The style object has three types of properties:
The geometric style properties are the properties of the style object that specify modifications to geometric shapes. With these properties, you can specify how wide QuickDraw GX should draw a shape's edges, whether the edges should be solid or dashed, whether corners should be round or sharp, what pattern should fill a shape's area, and so on.
- Object-related style properties, which are discussed in the chapter "Style Objects" in Inside Macintosh: QuickDraw GX Objects.
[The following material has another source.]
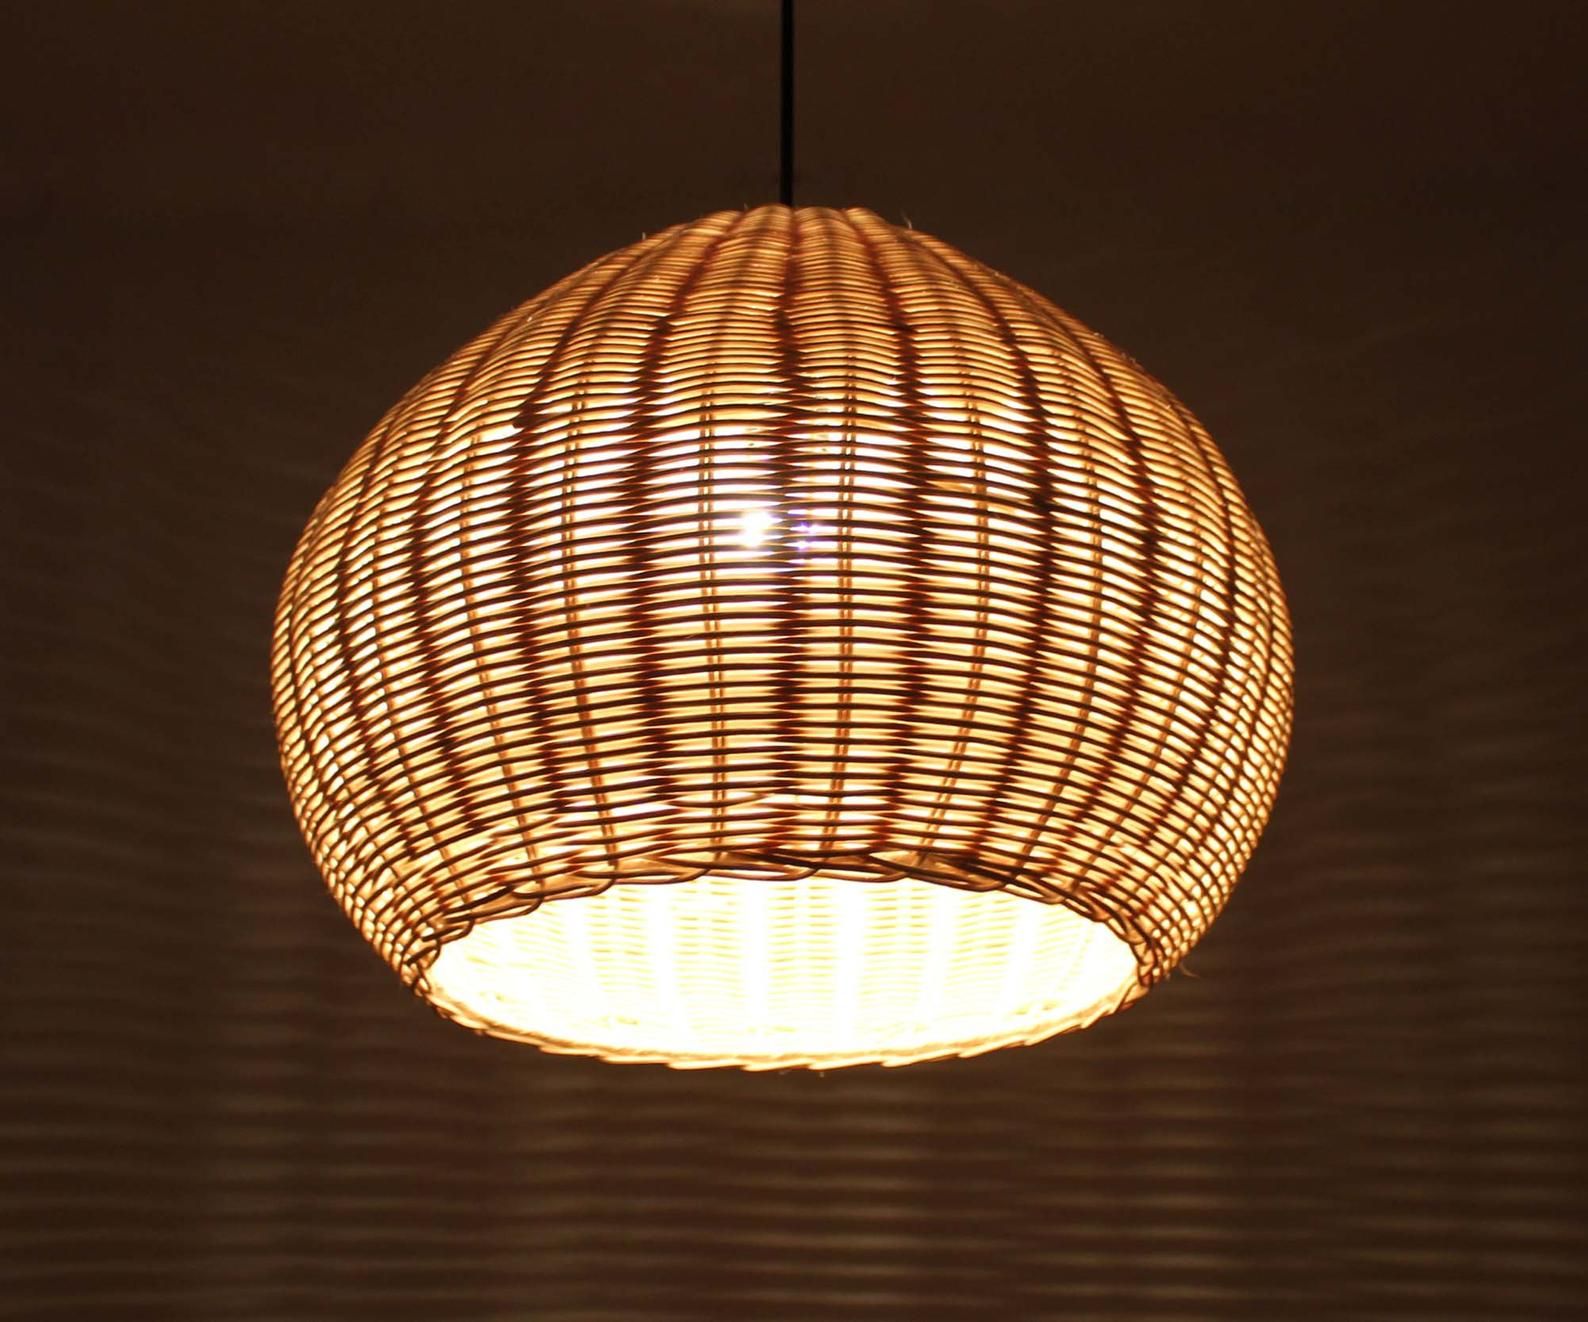 Rattan Lighting Trend 2022: Why We Should Decorate With Rattan
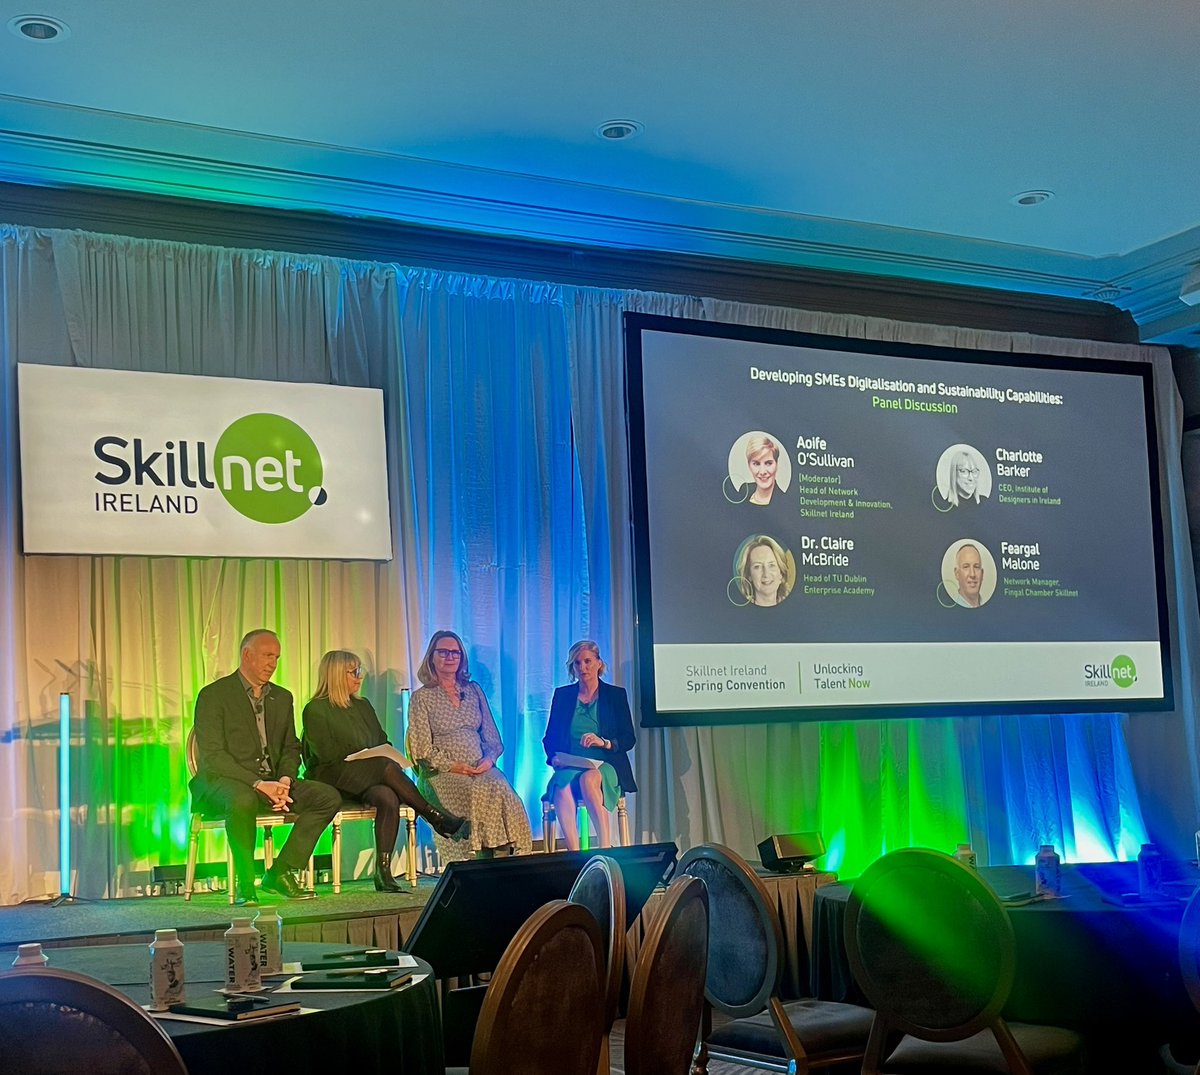 #DigitalTransformation and the critical link between industry and academia, including domain expertise was a key topic during the panel discussion, led by Aoife O’Sullivan, Head of Network Development and Innovation @SkillnetIreland with Claire McBride @WeAreTUDublin Enterprise…

These properties apply to the style as an object in memory.
- Typographic style properties, which are discussed in the chapter "Typographic Styles" in Inside Macintosh: QuickDraw GX Typography. These properties apply only to typographic shapes.
- Geometric style properties, which are discussed in the chapter "Geometric Styles" in this book. These properties apply primarily to geometric shapes.
Figure 1-6 shows the geometric properties of the style object. This figure also gives examples of the effects of these properties.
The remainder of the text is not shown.